The 1858 Founders Society
Enacted by the Minnesota Legislature in 1858, Winona State Normal School became the first teacher training institution west of the Mississippi. The governor of Minnesota at that time stressed the importance of education in providing for the leaders of tomorrow.
The name of the institution has changed several times as it has grown to maturity. But nearly 150 years later, its philosophy of providing a quality education for its graduates and providing qualified leaders for tomorrow has remained a tradition.
The founding of this fine institution is now the fitting symbol for Winona State University’s deferred giving group, The 1858 Founders Society.
The 1858 Founders Society honors a special group of friends who have provided for Winona State University in their estate plans. A bequest, or other deferred gift of any size, brings membership in this very special recognition society. The gift amount is entirely a member’s choice. There are no required levels of support or membership dues. The amount and condition of each gift remains confidential. Anonymity will also be respected if the donor wishes.
If you would like more information about The 1858 Founders Society or ways to include WSU in your estate plan, please contact us today.

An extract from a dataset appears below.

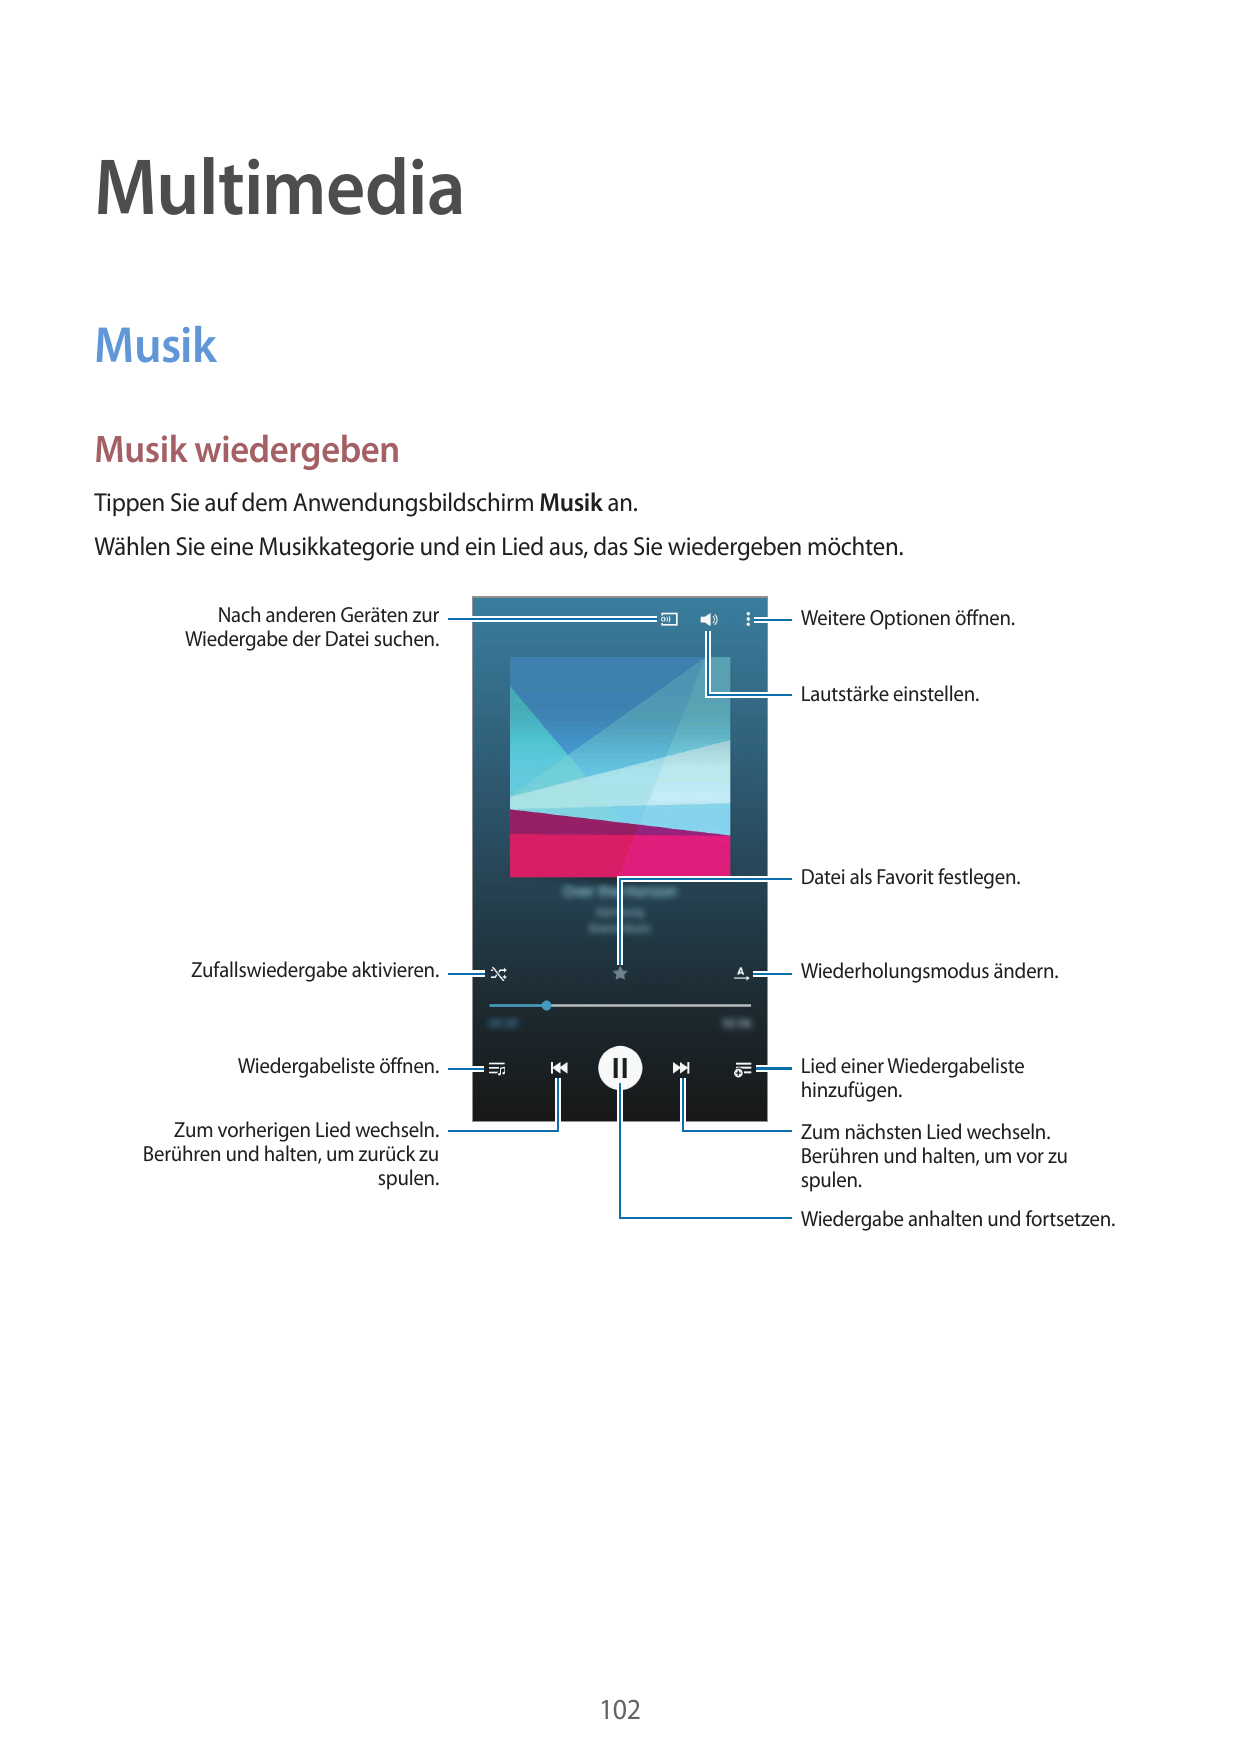 MultimediaMusikMusik wiedergebenTippen Sie auf dem Anwendungsbildschirm Musik an.Wählen Sie eine Musikkategorie und ein Lied aus

If you believe that you already qualify for membership, we invite you to complete the 1858 Founders Society form and mail it to:
PO Box 5838
Winona, MN 55987
Betty J. Anderson, a friend of the university, generously left a portion of her estate to Winona State University.
Harriet Johnson August
Harriet Johnson August was born
in Winona in 1924 and grew up a few blocks from the Winona State campus. After
graduating from Winona Senior High School, she moved to Chicago and enjoyed a
long and very successful career, first in banking and then in real estate. She
passed away in March 2013 at the age of 87. Harriet remained devoted to Winona
throughout her life. While unable to attend college herself, she believed that
education offered a path to advancement and success. To honor her hometown
values and faith in the power of education, Harriet bequeathed her estate to
endow scholarships at Winona State. To recognize Harriet’s transformative gift,
Winona State has named the “Harriet Johnson Auditorium” in Somsen Hall in her
honor. Her legacy will touch the lives of students far into the future.
William J. "Bill"
Doerer was born Dec. 28, 1939 in Winona. Bill graduated from Winona Senior High
School in 1957 and went on to earn a business degree from the University of
Miami, FL and returned to Winona where he joined the family business. His roles
in the family business included partner in Doerer's Fuel Oil and vice president
of Doerer's Genuine Parts. Bill was former director of the Winona Housing
Authority, past President of the Rotary Club of Winona where he was a 49 year
member, past exalted ruler of Winona Elks Lodge where he was a 52 year member
and past ambassador supreme and board member of the Winona Chamber of Commerce.
He was a lifelong parishioner and former Vestry member of St. Paul's Episcopal
Church of Winona. Bill passed away March 15, 2013.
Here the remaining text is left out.